Exclusivity of the contract
This refers to the type of contract agreed, with the 3 main options shown above: exclusive, sole or non-exclusive. Usually, a company will ask for exclusive rights. In this scenario, it is often more likely to negotiate a higher royalty payment.
Term and termination
How long will the contract last and what will happen when it is up? For instance, you may want a clause allowing you to terminate if sales fall below a certain amount of units, allowing you to seek a better deal. Or if you have worked in a minimum royalty for the year, you want to be sure the licensor cannot avoid that minimum payment by terminating the contract the day before it kicks in.
Confidentiality
Most companies use some sort of non-disclosure agreement (NDA) these days. When they don’t, the licensing agreement needs this clause. The confidentiality section must say which parts of the license are secret. This clause is also a good place to strengthen an NDA if it’s weak.
Dispute resolution
Finally, disagreements do happen from time to time. In the event that you and the other party cannot work them out, it is important to have a well-defined dispute resolution process. Arbitration can be a useful tool to avoid the cost of discovery and trial and is helpful in settling limited, well-defined issues. However, arbitration can come with its own drawbacks and expenses. Be sure to fully understand all the pros and cons before agreeing to a particular form of dispute resolution.
Benefits of a licensing agreement
- You don’t need to find money to commercialize your product: The licensee will be responsible for costs of manufacturing, distribution, packaging, marketing and sales, etc.
- You can get your innovation to market faster: If you issue a license to an established business, you will be able to leverage their experience, infrastructure and involvement. They will typically be more able to move your product into the marketplace easier and quicker.
- You can break into new markets: Depending on the deal and the licensee, you may be able to access markets that are closed to imports, avoid export taxes or mitigate risks associated with international expansion.

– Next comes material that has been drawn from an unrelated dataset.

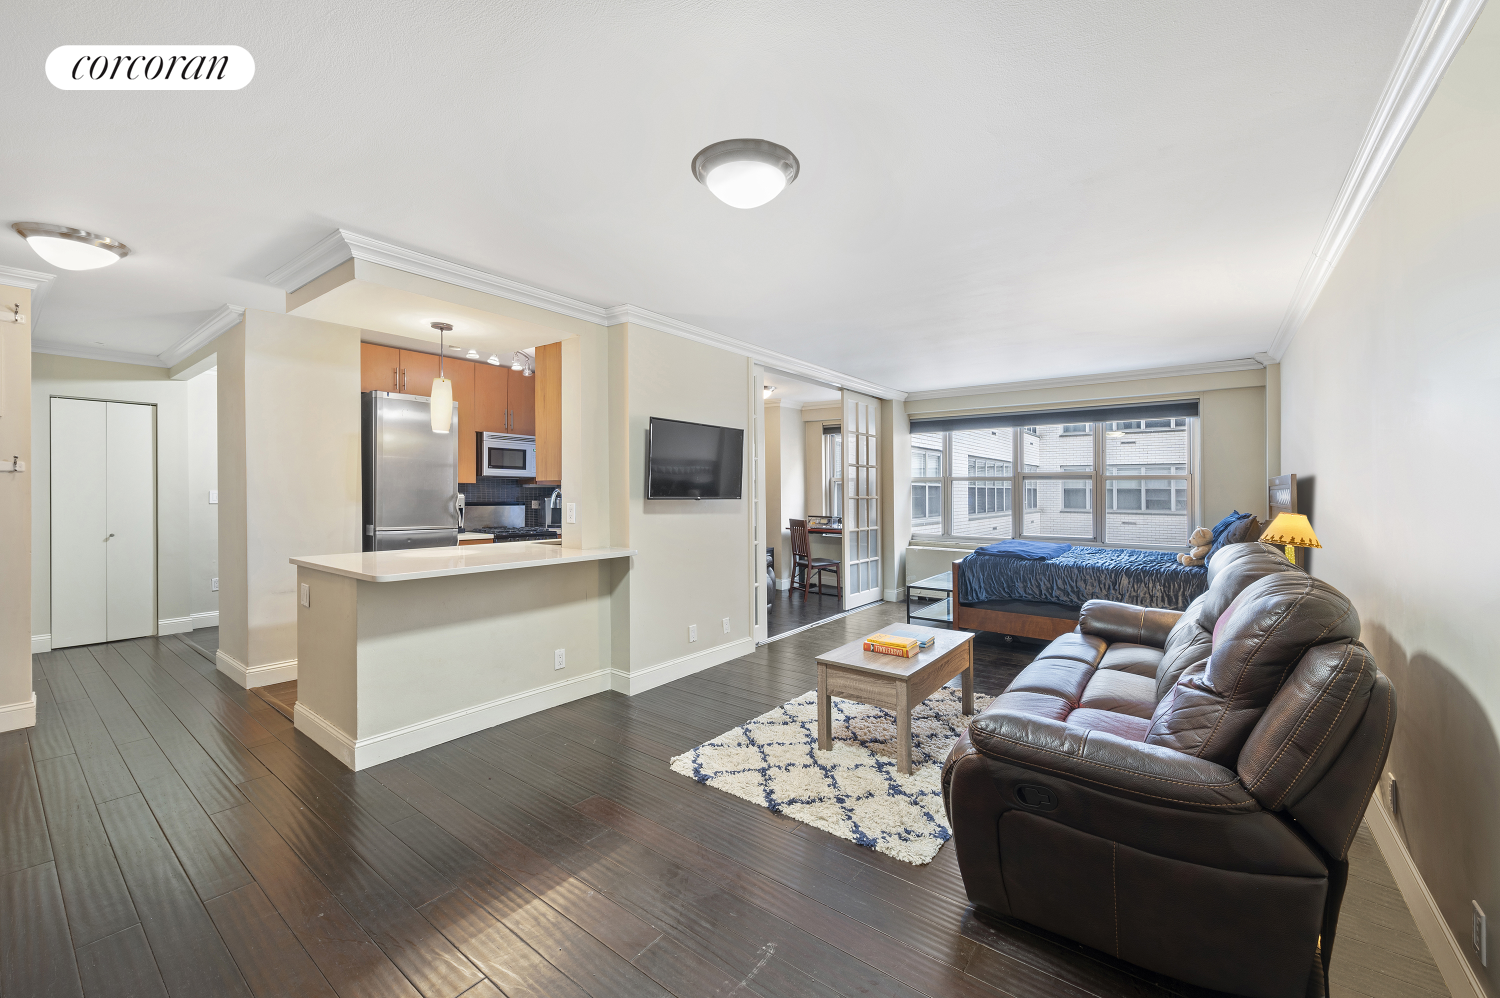 205 3rd Avenue 3B, Gramercy Park, Downtown, NYC - 1 Bathrooms  
3 Rooms -

- You will be able to generate revenue: The licensee will pay for the right to hold the license to your patent. This can be a one-off payment, continuous payments known as royalties, or variable payments depending on the profits.
You keep ownership of your intellectual property: Licensing allows you to give suppliers, competitors or complementary businesses certain rights over your patent, while receiving royalty income and still retaining ownership of your asset.